# Negril.com Message Board Forums > Negril Message Board >  Travel insurance

## ~SHEBA~

Any suggestions for affordable travel insurance and do you think its needed? 

Thank you in advance

----------


## two4today

Travel Guard and yes, would not risk traveling without it.

----------


## ~SHEBA~

Thank you

----------


## Aud-A-Sea

I would not and will not travel without.  We just returned from a 5-day last minute trip and even bought insurance for that trip.  I highly recommend www.squaremouth.com (I know stupid name.  Great site).  Definitely purchase a policy that has medical evacuation/repatriation coverage.

We purchase it every trip and it runs approximately $115 - 150.00 (depending on total trip cost and we are 48yrs & 60 yrs).  The peace of mind is worth it.

While traveling a couple years ago, our son-in-law unexpectedly passed away with our daughter expecting their 1st child in 6 weeks.  We landed that day and received the call that evening.  Emotionally we were already suffering a burden, however, with trip insurance we did not have to worry about the cost of last minute flight costs as the airfare was fully covered and we received a refund of our unused remaining days at the resort.

If anything should happen health wise you are covered and heaven forbid one should pass you will pay thousands and thousands of dollars to be taken to a US hospital or your remains flown back.

It's not a happy subject, but anything can happen at any moment.

----------


## NikkiV

I agree with Aud-A-Sea and probably because I learned the hard way.  Last minute trip, first night simply stepped off the curb into a pothole & tumbled into the street, I was hospitalized in Mexico & refused surgery there, fortunately the airlines accommodated me & I flew home for it, but had to give the hospital my credit card for all the services they performed (thousands).  At home it took many phone calls with my stateside insurance company, and eventually got reimbursed for some of the costs there. BTW, that simple tumble, I wasn't expected to ever walk again, but after a year of lots of hard therapy I am happy to say it's almost as good as before. In any case you can imagine the cost of all that. Now I always get travel insurance & the last few times have used Squaremouth also.

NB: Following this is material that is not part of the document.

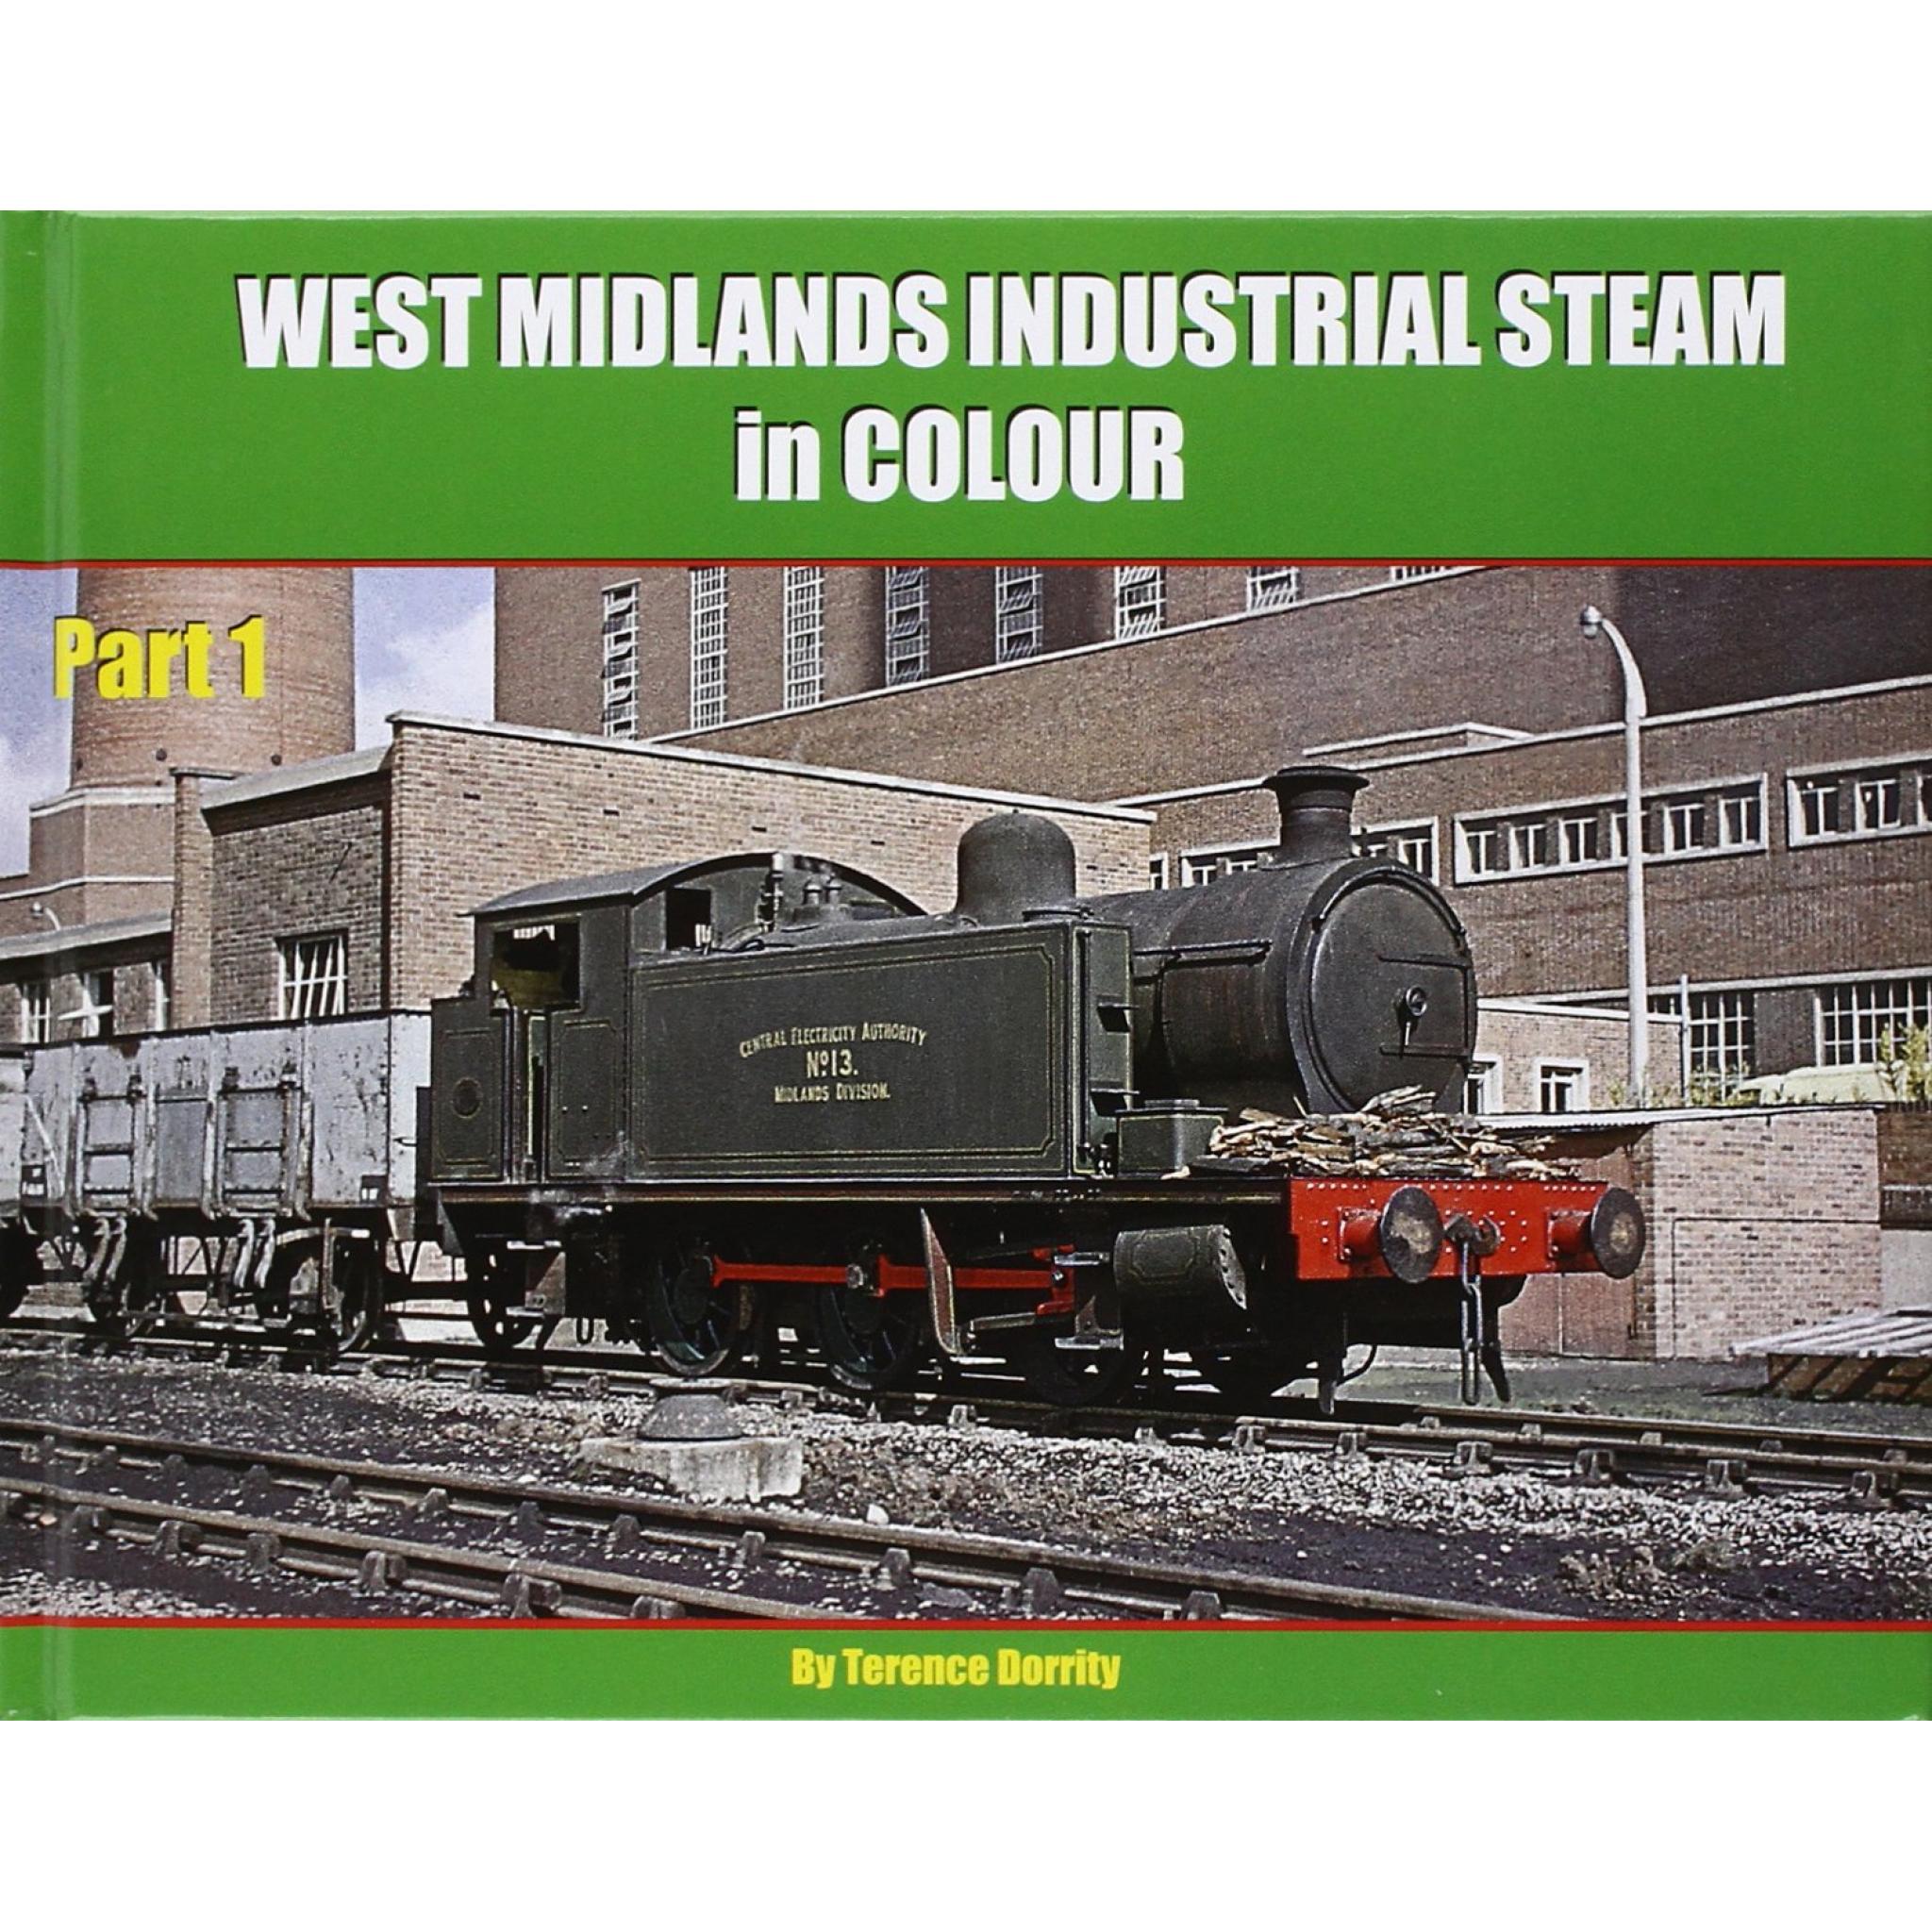 WEST MIDLANDS INDUSTRIAL STEAM IN COLOUR

Which reminds me to get some for my October trip!

----------


## NikkiV

Just went to Squaremouth & purchased insurance for my 12 day trip, $36. After putting in some basic info, you get numerous quotes. Since I am going in October, I wanted to be sure I hurricane/inclement weather coverage.  I ended up getting a policy thru Travell Guard (which I've used before) and the $36 is for 100% cost for trip cancellation, $50k primary emergency medical, $1 mil for medical evacuation & repatriation, travel & baggage delay, & $50k life insurance.  All worth peace of mind.

----------


## Mr. Twister

I wished I had it last year when I had to cancel my trip 5 hours before the flight due to a medical emergency.

----------


## Blake

http://www.smartmoney.com/spend/fami...surance-20151/

I'd say it depends on a lot of factors.

I agree with the above article that for the "most part" you really don't need travels insurance.

I've never been a big fan of for profit insurance companies because it's in their best interest NOT to pay out when you actually need the money.

To me, the cost of insurance is just another way for another company to make money off of my traveling. The reality is that while everyone might know someone that got injured, had to use the insurance due to illness/death, the odds of your trip being cancelled are pretty astronomical. 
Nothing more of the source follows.